Mr Prasifka said these are simply the rules. He said registration does not necessarily mean a doctor is suitable for a particular role and this is for employers to determine.

“We have had these cases under EU law. If you are qualified in an EU jurisdiction you have the right to go onto the register; we don’t look behind that, and that is simply what the rules are. The only thing I can say is that it may be the case that it puts an additional burden on employers to vet particular doctors.

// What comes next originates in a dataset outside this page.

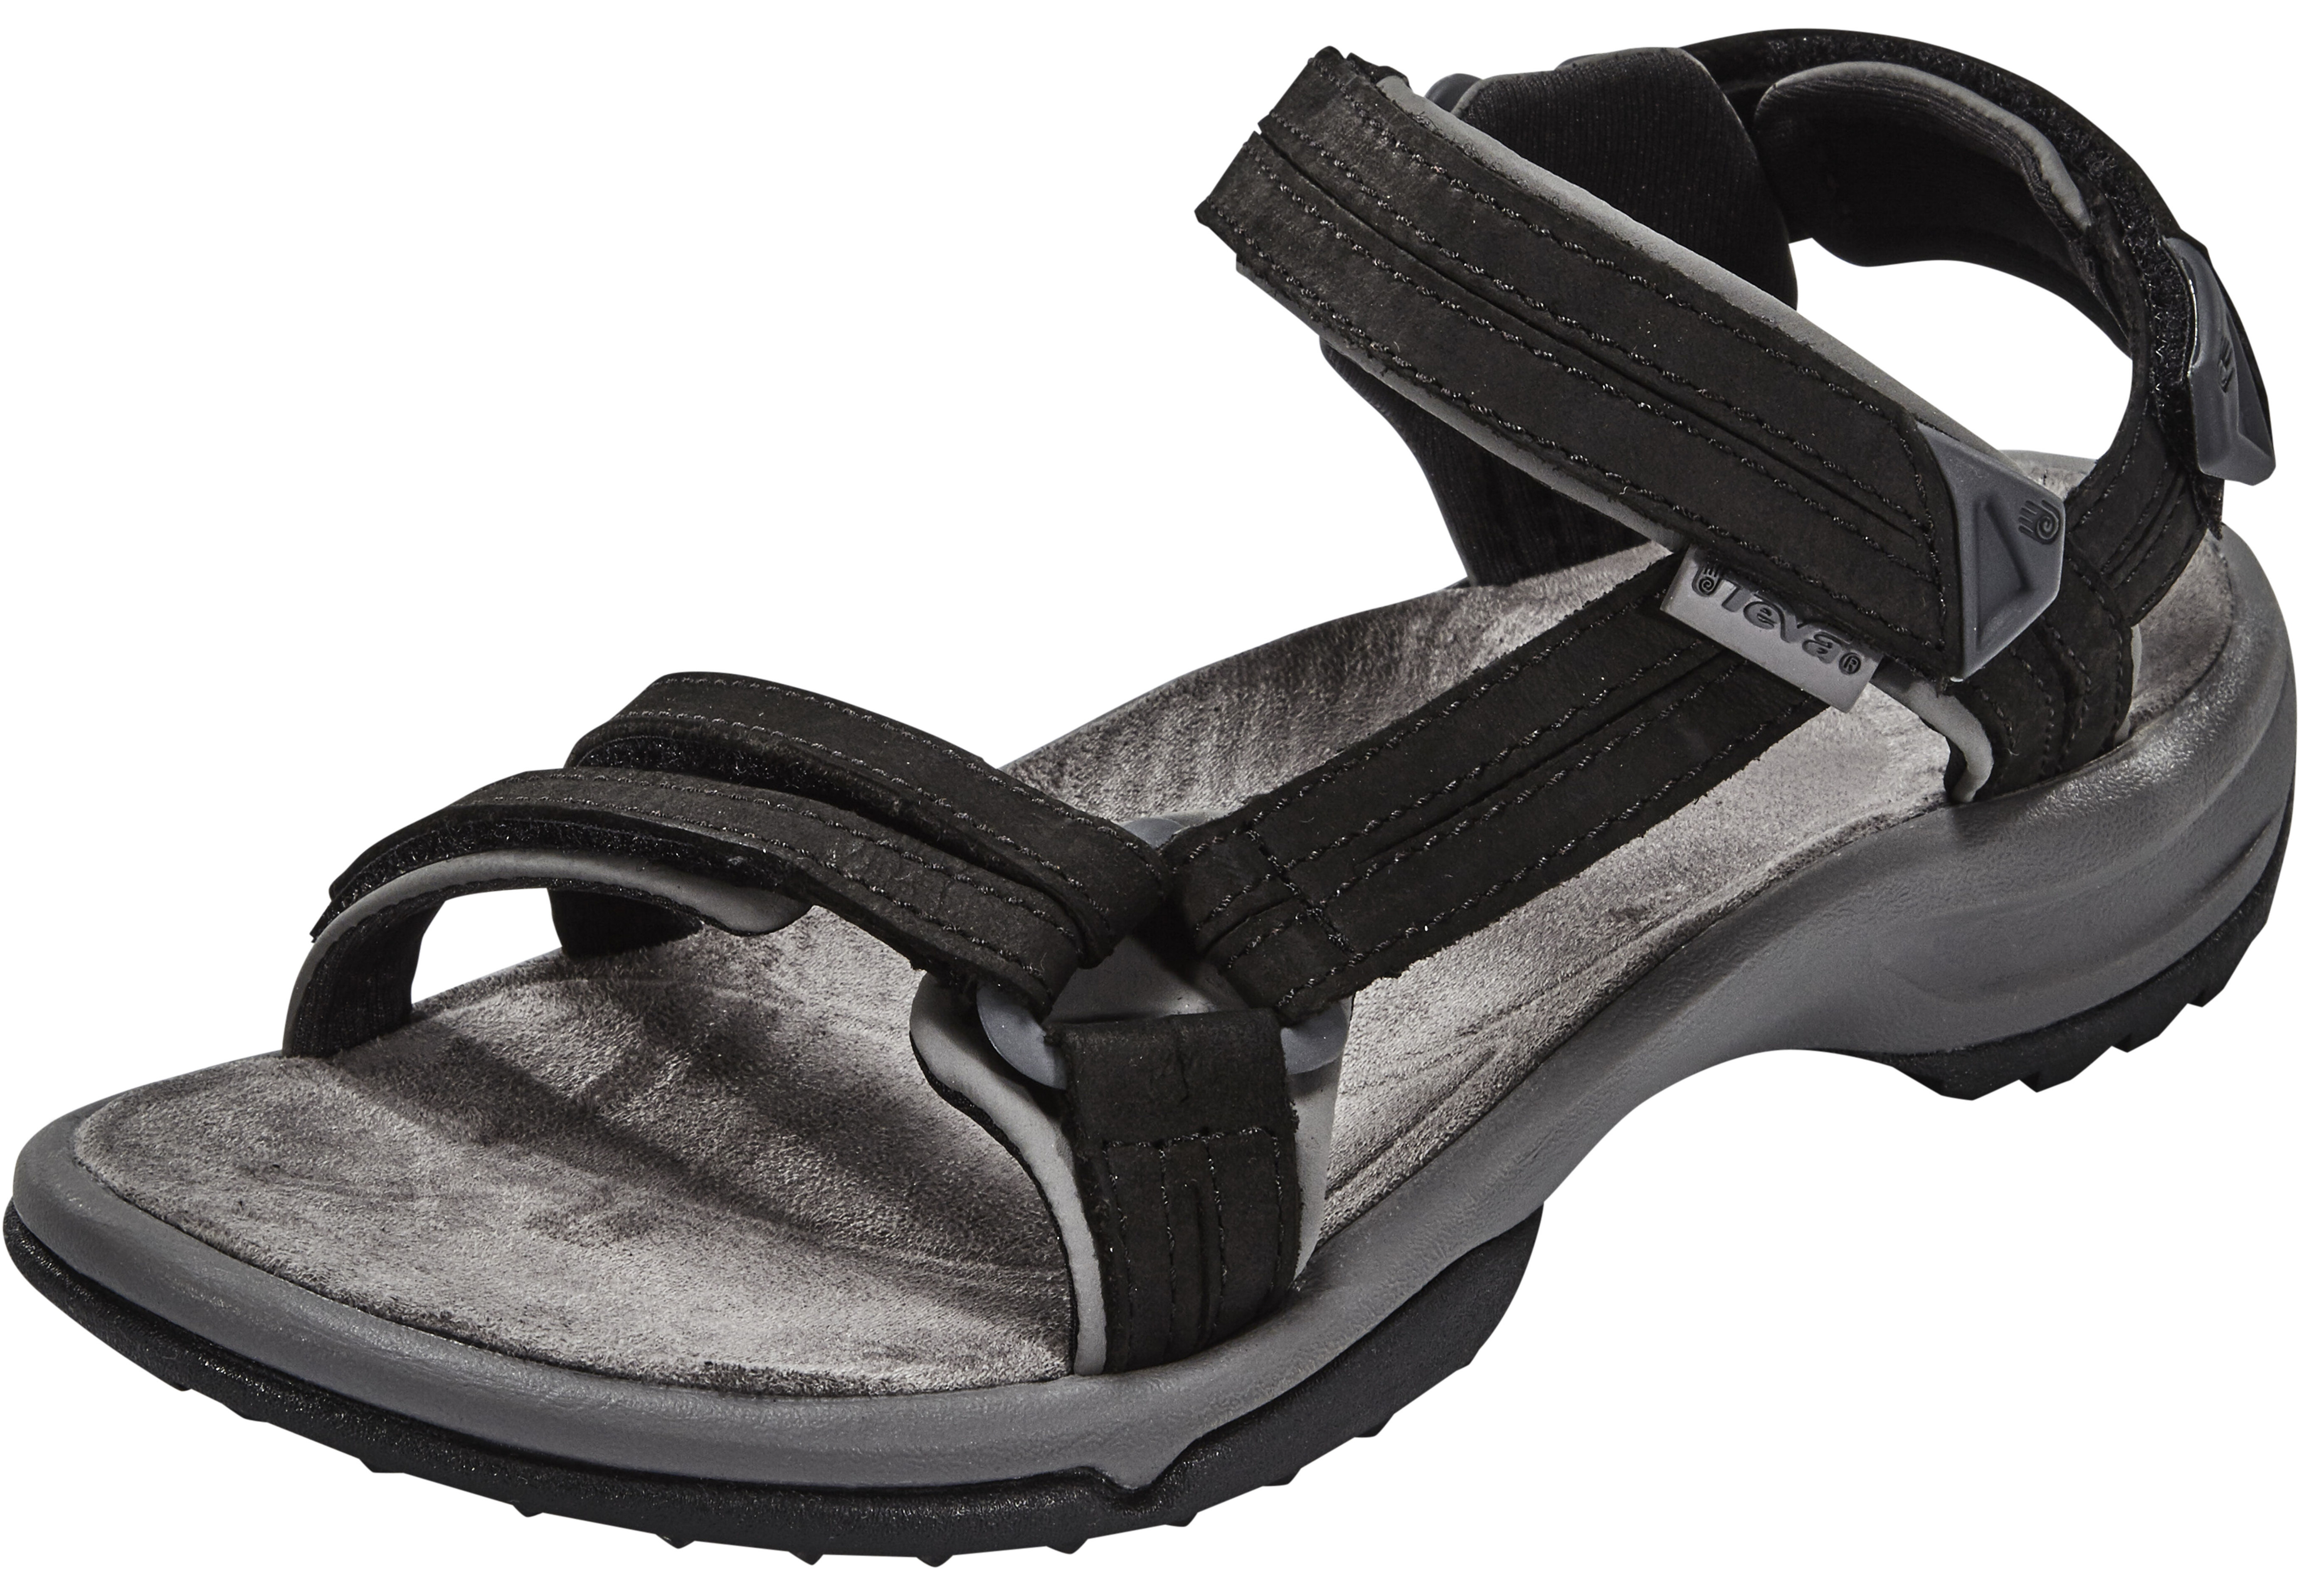 867075c39ab24d Teva Terra Fi Lite Leather Sandals Women black at Addnature.co.uk

“Just because someone is on the register doesn’t mean they are suitable for all jobs and there is an additional burden on employers to ensure doctors are vetted, doctors are interviewed, doctors are suitable, and once they arrive they have proper induction, mentoring, supervision — that is all very important. The fundamental principle of the EU is freedom of movement and mutual recognition of professional qualifications. We don’t see that changing.”

Complaints process

Amendments to the Medical Practitioners Act 2007 will simplify the complaints process. When passed, all complaints will not have to proceed automatically to the preliminary proceedings committee (PPC). Instead, the CEO will be permitted to determine which complaints are sufficiently serious to go to the PPC. While some concerns have been expressed about this level of power being ascribed to the CEO, in practice, the complaints will be investigated and assessed through a case officer/s, with support from the CEO.

The Bill has been stuck in a legislative logjam and was close to enactment prior to the general election. Mr Prasifka said the Council is well prepared to implement this change.

“We have been ready to go in a world in which the Act has been amended for some time… If [the Oireachtas] had gone for an additional week, we probably may have got that over the line, so in a way that is somewhat frustrating.

“But we are ready to have a freer hand in terms of how we can manage complaints, manage them more efficiently. We are obviously trying to eliminate some of the obstacles for doctors to qualify for specialty training and it has been a source of some frustration that those amendments have not been enacted.”


Reflecting on his time at the helm, Mr Prasifka said he was “new to the healthcare area” upon entering the role and it has been a “fantastic experience”.

“It is an extremely important area, very fascinating, and I am looking forward to continuing in a different environment.

“In my experience networking with other regulatory authorities, everyone in the world is dealing with the same problems, trying to provide additional healthcare in an environment in which increasing demands are being put on the health system and that really is everywhere.

“Now, we have had incredible disruption to the whole system because of Covid-19 and that has accelerated change. Telemedicine used to be kind of a niche area; well, now it is completely mainstream, and that is absolutely essential.

“So there is lots of change happening and regulators need to protect the public foremost, support doctors, but there is a certain amount of agility there that is needed to adjust to changing circumstances.

“So that makes it a very challenging but very exciting time to be in this area. I look back on the past four years as an incredible learning experience for me. It has been very rewarding, we have seen a lot of changes happening and there is plenty to do going forward.”